Douglass confronts new world order
In conversation with Ticky Fullerton, business editor-at-large for “The Australian,” Magellan co-founder Hamish Douglass said that two major factors loom as catalysts for an “investment day of reckoning”: the potential for the emergence of vaccine-resistant Covid strains (a case strengthened by the delta variant, which has sent Douglass himself into lockdown with the rest of Sydney), and burgeoning inflation, which may or may not be transitory.
“If we truly get inflation, we could get a U-turn in monetary policy, particularly in the United States. If that were to happen in the next twelve months or so, all bets are off for these current high equity markets,” Douglass said. “Are we going to have a day of reckoning?.. I would say to people, this isn’t a time to get over-confident in believing one outcome or the other. I don’t think it’s knowable.”
The question of a major correction is academic for Magellan, Douglass says, because its portfolio, weighted heavily towards defensives, wouldn’t necessarily suffer in one. There are also equally compelling reasons to believe there won’t be one – primarily, the strengthening vaccine rollout and material recovery in global GDP (not that markets ever paid much attention to either of those factors). And while he issued another mea culpa for missing the red-hot recovery trade in the closing months of last year (“I could have weighted the portfolio somewhat more to some cyclical assets… hindsight is 20/20”) what concerns Douglass more is the long game; not what markets look like in the next six-to-12 months, but what they look like in three-to-five years.
“I think under most circumstances the portfolio is very well positioned; it’s in outstanding businesses that have a lot of structural growth, that we think are attractively priced,” Douglass said. “The hardest thing moving forward is if inflation really reared its head and we got a material increase in long-term rates, particularly in the United States.”
Despite Douglass’ confidence in the businesses that Magellan is invested in, he has taken some risk out of the Global Fund in the face of the possibility that substantially higher inflation – and therefore, a recessionary environment caused by the deliberate slowing of the economy – does arrive.

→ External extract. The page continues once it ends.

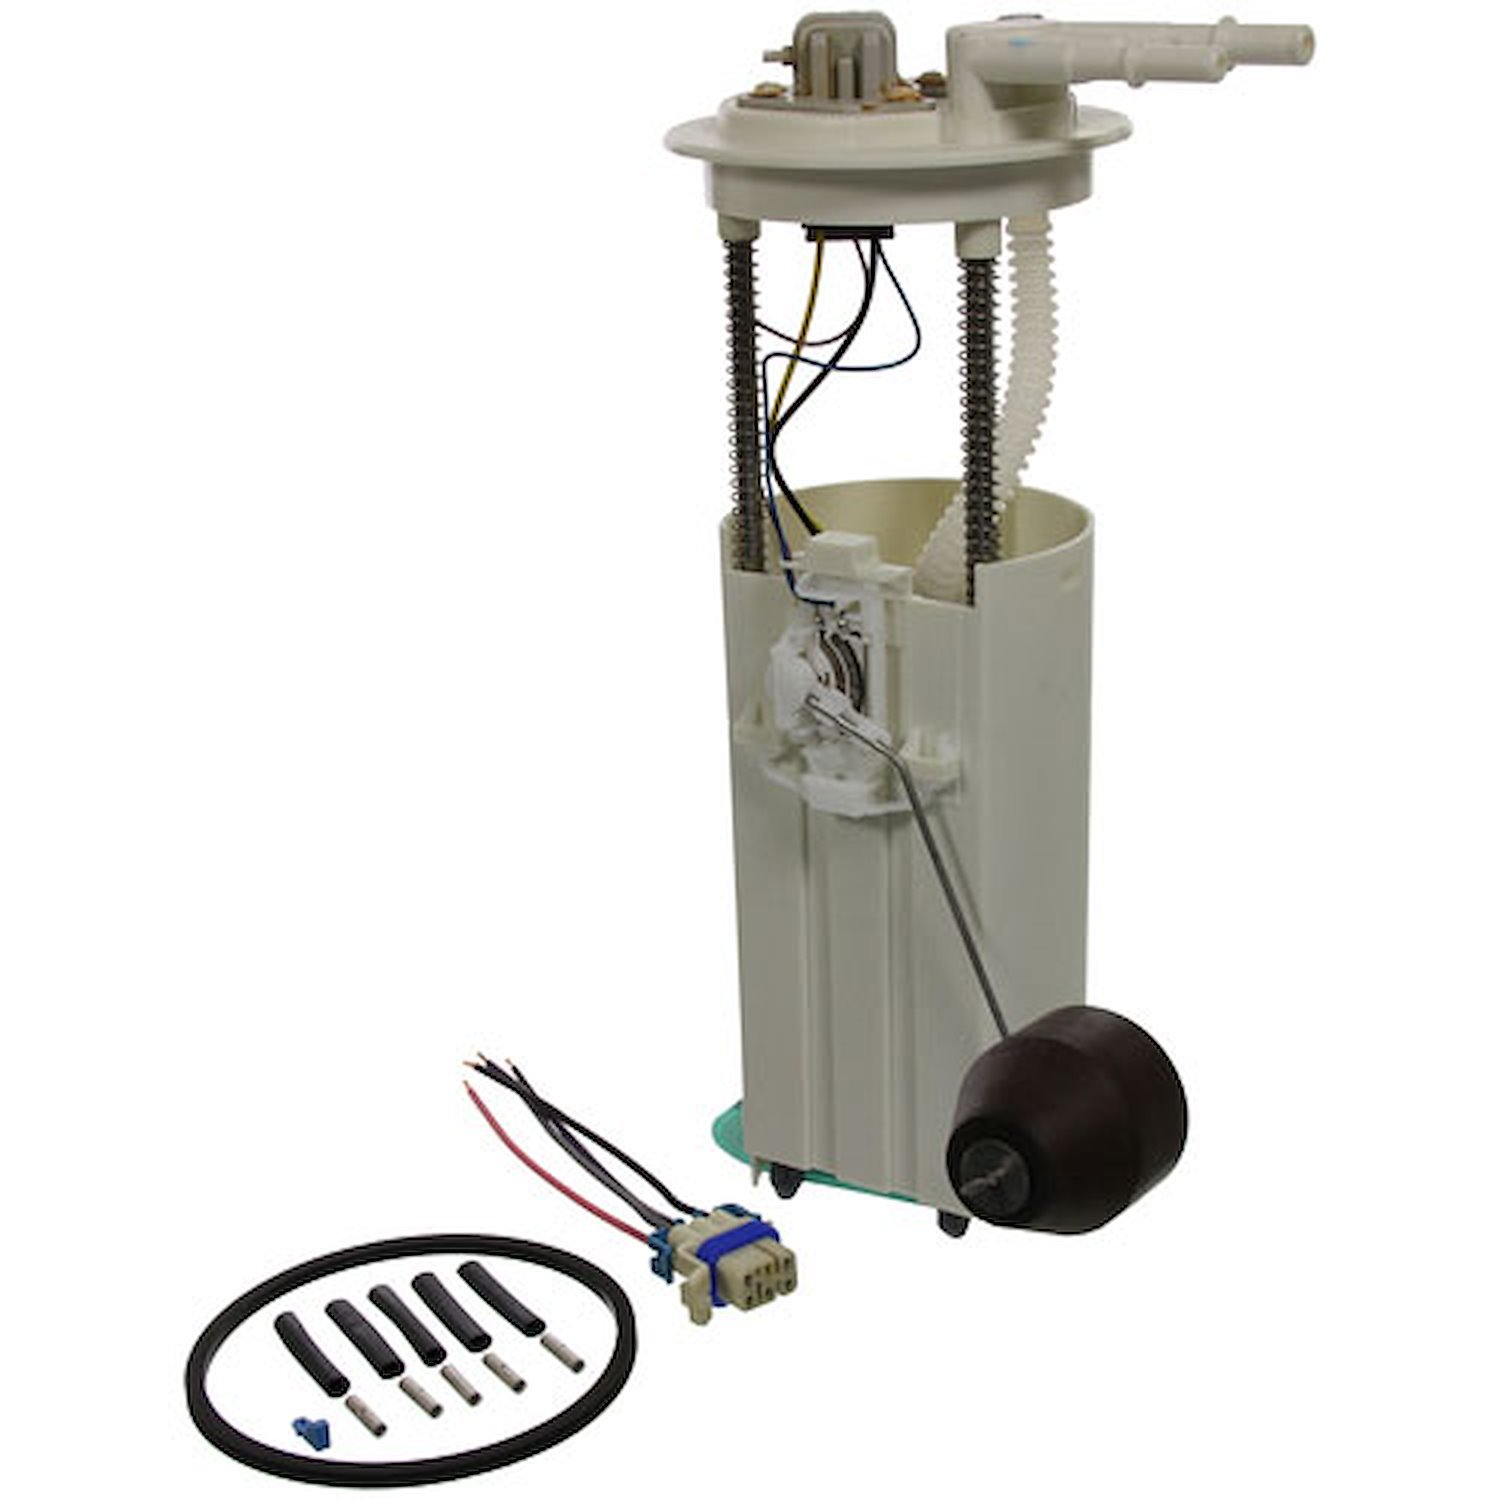 OE GM Replacement Electric Fuel Pump Module Assembly 1997 Buick Park Ave/Riviera 231cid 3.8L V6

Magellan recently sold out of Estee Lauder (NYSE: EL) – a “fabulous business” – because it “couldn’t get there on (the impact of) higher interest rates on its valuation.”
“We’ve sold down some of our utilities holdings and bought businesses that we think are more inflation-proof because they act more like an inflation-linked bond where they can effectively grow their earnings with inflation,” Douglass said, adding that Magellan had bought more shares in multinational consumer goods business Procter and Gamble (NYSE: PG) because of its pricing power.
“If we really believed this risk was very high we could take further action. But we don’t want to take an extreme view on this. We think that there’s a moderate risk of this happening… but if you go too far on inflation protection here, say, by holding heaps of cash, and it turns out to be transitory and the world reopens, that could be very costly for investors.”
Something Douglass is dead certain of is that booming interest in Bitcoin represents one of “the greatest mass delusions in modern history” and that its price will inevitably crash to zero. That represents another threat to markets because of the “contagion effect” it could have on general investor confidence if Bitcoin – and other stocks that Douglass believes are overpriced, including Tesla (NASDAQ: TSLA) – lost most of their value.
“There are millions and millions of people participating, some of them have never invested before and the only bandwagon they’ve ever gotten on is the cryptocurrency bandwagon. There’s almost like a religion behind it,” Douglass said. “There will be many people who disagree, because people in a cult don’t like somebody pointing out that the emperor doesn’t have any clothes… When we look back in 20 years, it will be the case study for irrationality.”